Interestingly an additional witness server uses the correct parameter value.

Hello everybody.
I also noticed that the "reconnect_interval" parameter does not work on the postgreSQL service stop event on the Master. If I disable the network interface eth on the Master (ifdown eth2), then the "reconnect_interval" parameter works correctly.
To test this, I set the parameters: reconnect_attempts = 3 and reconnect_interval = 8. Restarting repmgrd. And then disconnected the network interface on the Master. In the repmgr.log I saw the correct operation of "reconnect_interval".
I would like the developers to give at least some kind of feedback.
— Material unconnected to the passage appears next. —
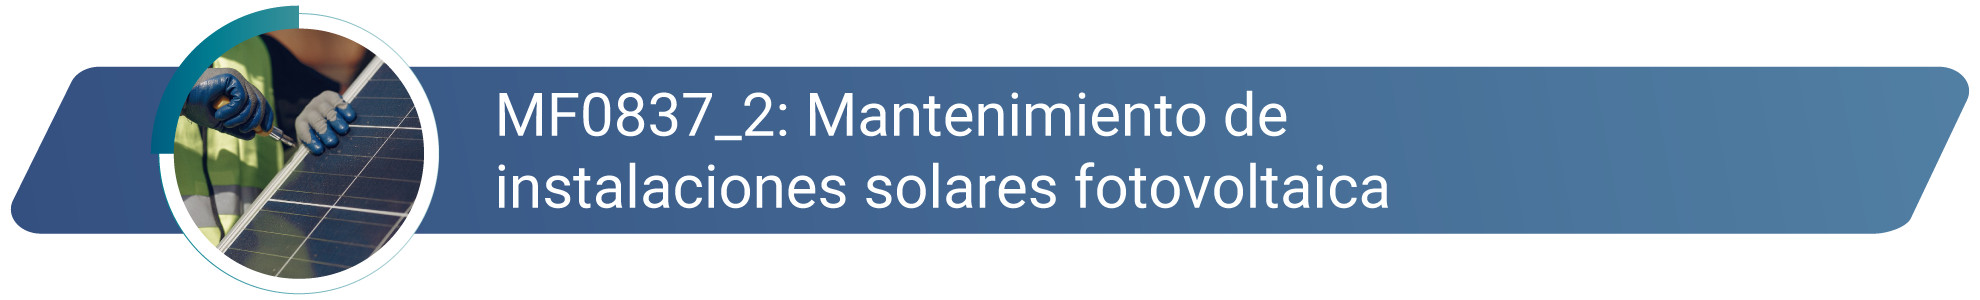 MF0837_2 - Mantenimiento de instalaciones solares fotovoltaicas

Here is an excerpt from repmgr.log.
ifdown_eth_on_Master_reconnect_interval_repmgr_log.txt

Thanks for the reports, we will look into them ASAP but it may take a few days.
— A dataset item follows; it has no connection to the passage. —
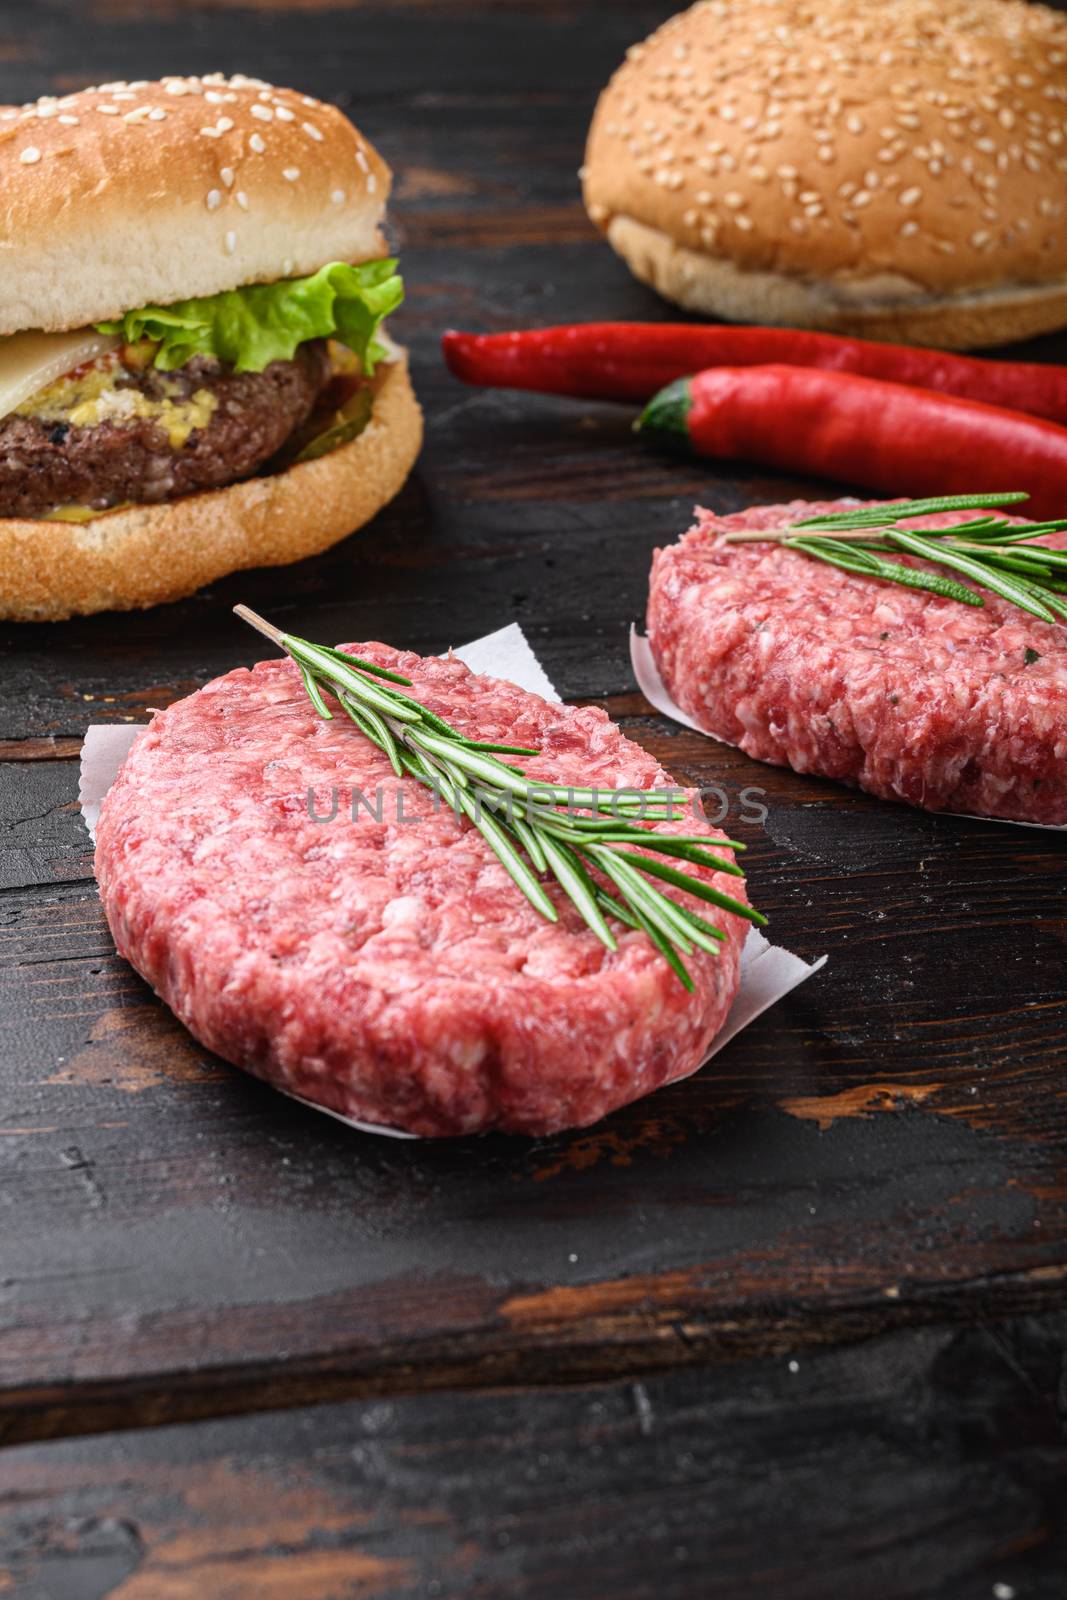 Raw ground beef meat burger steak cutlets on dark wooden background.

Unfortunately I can't reproduce the usage of the correct parameter value on the standby by shutting down eth0 on the primary.

Issue has been reproduced and a fix applied, which will be in the upcoming 5.2.1 release.

Thanks for the report!

Great!

Good time of the day, Ibarwick.
After updating repmgr to version 5.2.1, the problem is resolved. For both types of failures: stop postgresql and ifdown eth2, the "reconnect_interval" parameter works correctly. Here is an excerpt from repmgr.log:

[2020-12-09 16:46:28] [DEBUG] replication lag in bytes is: 0
[2020-12-09 16:46:30] [DEBUG] connection check type is "ping"
[2020-12-09 16:46:30] [DEBUG] replication lag in bytes is: 0
[2020-12-09 16:46:32] [DEBUG] connection check type is "ping"
[2020-12-09 16:46:32] [WARNING] unable to ping "host = zabservtstnode1 user = repmgr dbname = repmgr connect_timeout = 10"
[2020-12-09 16:46:32] [DETAIL] PQping() returned "PQPING_NO_RESPONSE"
[2020-12-09 16:46:32] [WARNING] unable to connect to upstream node "zabservtstnode1" (ID: 1)
[2020-12-09 16:46:32] [INFO] checking state of node "zabservtstnode1" (ID: 1), 1 of 3 attempts
[2020-12-09 16:46:32] [WARNING] unable to ping "user=repmgr connect_timeout=10 dbname=repmgr host=zabservtstnode1 fallback_application_name=repmgr"
[2020-12-09 16:46:32] [DETAIL] PQping() returned "PQPING_NO_RESPONSE"
[2020-12-09 16:46:32] [INFO] sleeping up to 8 seconds until next reconnection attempt
[2020-12-09 16:46:40] [INFO] checking state of node "zabservtstnode1" (ID: 1), 2 of 3 attempts
[2020-12-09 16:46:50] [WARNING] unable to ping "user=repmgr connect_timeout=10 dbname=repmgr host=zabservtstnode1 fallback_application_name=repmgr"
[2020-12-09 16:46:50] [DETAIL] PQping() returned "PQPING_NO_RESPONSE"
[2020-12-09 16:46:50] [INFO] sleeping up to 8 seconds until next reconnection attempt
[2020-12-09 16:46:58] [INFO] checking state of node "zabservtstnode1" (ID: 1), 3 of 3 attempts
[2020-12-09 16:47:08] [WARNING] unable to ping "user=repmgr connect_timeout=10 dbname=repmgr host=zabservtstnode1 fallback_application_name=repmgr"
[2020-12-09 16:47:08] [DETAIL] PQping() returned "PQPING_NO_RESPONSE"
[2020-12-09 16:47:08] [WARNING] unable to reconnect to node "zabservtstnode1" (ID: 1) after 3 attempts
[2020-12-09 16:47:08] [NOTICE] setting "wal_retrieve_retry_interval" to 86405000 milliseconds
[2020-12-09 16:47:08] [INFO] sleeping 5 seconds
[2020-12-09 16:47:13] [NOTICE] killing WAL receiver with PID 16093
[2020-12-09 16:47:14] [INFO] WAL receiver with pid 16093 killed

Thank you and your team for solving this problem !!!

I'll close the problem now.

Thanks for the confirmation, much appreciated!